| Your task |
Among the entries below, please repeat exactly and only the lines from the line containing "The Nesavu Girls" to the line containing "Monster Hunter Rise’s", both lines included.

Data records
►

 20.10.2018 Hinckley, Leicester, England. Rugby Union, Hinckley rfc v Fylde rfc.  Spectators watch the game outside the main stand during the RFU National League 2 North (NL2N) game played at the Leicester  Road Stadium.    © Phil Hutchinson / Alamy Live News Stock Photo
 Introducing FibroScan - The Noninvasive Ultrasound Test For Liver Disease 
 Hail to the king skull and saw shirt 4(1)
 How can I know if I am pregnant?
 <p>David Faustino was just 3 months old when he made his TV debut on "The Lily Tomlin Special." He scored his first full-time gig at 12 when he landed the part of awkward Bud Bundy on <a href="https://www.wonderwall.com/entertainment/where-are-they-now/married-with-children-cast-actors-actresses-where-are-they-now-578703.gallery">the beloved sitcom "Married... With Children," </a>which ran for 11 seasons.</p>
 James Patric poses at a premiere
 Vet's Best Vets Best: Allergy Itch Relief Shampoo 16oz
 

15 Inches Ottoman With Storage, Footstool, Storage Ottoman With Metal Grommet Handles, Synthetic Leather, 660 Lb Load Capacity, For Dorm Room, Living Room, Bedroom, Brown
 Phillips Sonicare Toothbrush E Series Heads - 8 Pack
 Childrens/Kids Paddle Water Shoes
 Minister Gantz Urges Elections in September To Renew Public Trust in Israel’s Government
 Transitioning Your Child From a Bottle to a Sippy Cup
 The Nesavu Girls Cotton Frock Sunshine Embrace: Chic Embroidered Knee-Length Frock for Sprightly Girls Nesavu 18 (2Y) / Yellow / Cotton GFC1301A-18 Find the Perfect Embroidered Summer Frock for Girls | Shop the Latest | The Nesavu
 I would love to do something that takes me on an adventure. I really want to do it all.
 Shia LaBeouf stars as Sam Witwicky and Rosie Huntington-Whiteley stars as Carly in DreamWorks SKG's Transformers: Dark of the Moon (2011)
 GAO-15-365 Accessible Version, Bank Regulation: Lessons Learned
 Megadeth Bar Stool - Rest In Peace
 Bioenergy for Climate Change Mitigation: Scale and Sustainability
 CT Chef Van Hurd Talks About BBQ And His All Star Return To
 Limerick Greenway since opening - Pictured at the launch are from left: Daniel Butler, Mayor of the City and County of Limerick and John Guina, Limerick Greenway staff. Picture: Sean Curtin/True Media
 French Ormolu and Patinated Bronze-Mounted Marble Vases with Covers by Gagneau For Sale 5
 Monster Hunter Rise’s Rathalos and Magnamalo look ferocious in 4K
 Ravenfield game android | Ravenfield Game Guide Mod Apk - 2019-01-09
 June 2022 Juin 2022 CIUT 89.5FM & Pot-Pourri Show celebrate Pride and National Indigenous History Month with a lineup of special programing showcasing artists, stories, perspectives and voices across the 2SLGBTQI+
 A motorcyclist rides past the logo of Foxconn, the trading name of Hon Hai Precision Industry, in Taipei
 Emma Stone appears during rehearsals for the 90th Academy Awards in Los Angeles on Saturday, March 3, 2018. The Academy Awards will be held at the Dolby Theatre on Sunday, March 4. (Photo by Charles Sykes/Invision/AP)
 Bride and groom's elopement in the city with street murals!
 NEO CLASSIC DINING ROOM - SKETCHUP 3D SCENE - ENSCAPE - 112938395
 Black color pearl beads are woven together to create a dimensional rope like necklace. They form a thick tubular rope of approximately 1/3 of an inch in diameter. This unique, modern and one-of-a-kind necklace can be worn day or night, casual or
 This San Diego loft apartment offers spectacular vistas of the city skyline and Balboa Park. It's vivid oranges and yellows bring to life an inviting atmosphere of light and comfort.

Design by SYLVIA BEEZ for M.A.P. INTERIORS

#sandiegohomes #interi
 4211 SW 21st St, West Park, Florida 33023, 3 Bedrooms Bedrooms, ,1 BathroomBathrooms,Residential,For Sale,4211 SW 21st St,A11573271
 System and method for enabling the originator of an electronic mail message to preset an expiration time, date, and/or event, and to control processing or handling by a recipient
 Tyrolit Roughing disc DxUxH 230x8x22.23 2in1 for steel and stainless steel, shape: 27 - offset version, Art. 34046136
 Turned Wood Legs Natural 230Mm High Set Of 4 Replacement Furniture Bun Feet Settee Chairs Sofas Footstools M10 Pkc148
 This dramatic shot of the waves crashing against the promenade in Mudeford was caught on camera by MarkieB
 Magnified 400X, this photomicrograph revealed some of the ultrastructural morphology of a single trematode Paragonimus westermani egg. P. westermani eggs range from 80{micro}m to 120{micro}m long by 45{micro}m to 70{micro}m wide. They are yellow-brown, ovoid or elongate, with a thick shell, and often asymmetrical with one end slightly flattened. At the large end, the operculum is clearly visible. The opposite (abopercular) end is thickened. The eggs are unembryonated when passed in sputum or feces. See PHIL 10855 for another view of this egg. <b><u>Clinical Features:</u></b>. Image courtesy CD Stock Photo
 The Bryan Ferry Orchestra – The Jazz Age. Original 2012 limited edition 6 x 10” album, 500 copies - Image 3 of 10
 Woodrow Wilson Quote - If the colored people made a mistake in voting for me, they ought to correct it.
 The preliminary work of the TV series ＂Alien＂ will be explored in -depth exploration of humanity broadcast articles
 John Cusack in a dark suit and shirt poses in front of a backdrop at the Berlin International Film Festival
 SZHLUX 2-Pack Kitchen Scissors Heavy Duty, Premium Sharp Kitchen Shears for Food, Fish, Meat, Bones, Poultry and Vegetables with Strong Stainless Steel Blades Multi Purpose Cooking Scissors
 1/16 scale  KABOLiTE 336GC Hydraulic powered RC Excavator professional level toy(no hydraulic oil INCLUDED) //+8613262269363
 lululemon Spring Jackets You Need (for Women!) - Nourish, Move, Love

◄

| Reply |
 The Nesavu Girls Cotton Frock Sunshine Embrace: Chic Embroidered Knee-Length Frock for Sprightly Girls Nesavu 18 (2Y) / Yellow / Cotton GFC1301A-18 Find the Perfect Embroidered Summer Frock for Girls | Shop the Latest | The Nesavu
 I would love to do something that takes me on an adventure. I really want to do it all.
 Shia LaBeouf stars as Sam Witwicky and Rosie Huntington-Whiteley stars as Carly in DreamWorks SKG's Transformers: Dark of the Moon (2011)
 GAO-15-365 Accessible Version, Bank Regulation: Lessons Learned
 Megadeth Bar Stool - Rest In Peace
 Bioenergy for Climate Change Mitigation: Scale and Sustainability
 CT Chef Van Hurd Talks About BBQ And His All Star Return To
 Limerick Greenway since opening - Pictured at the launch are from left: Daniel Butler, Mayor of the City and County of Limerick and John Guina, Limerick Greenway staff. Picture: Sean Curtin/True Media
 French Ormolu and Patinated Bronze-Mounted Marble Vases with Covers by Gagneau For Sale 5
 Monster Hunter Rise’s Rathalos and Magnamalo look ferocious in 4K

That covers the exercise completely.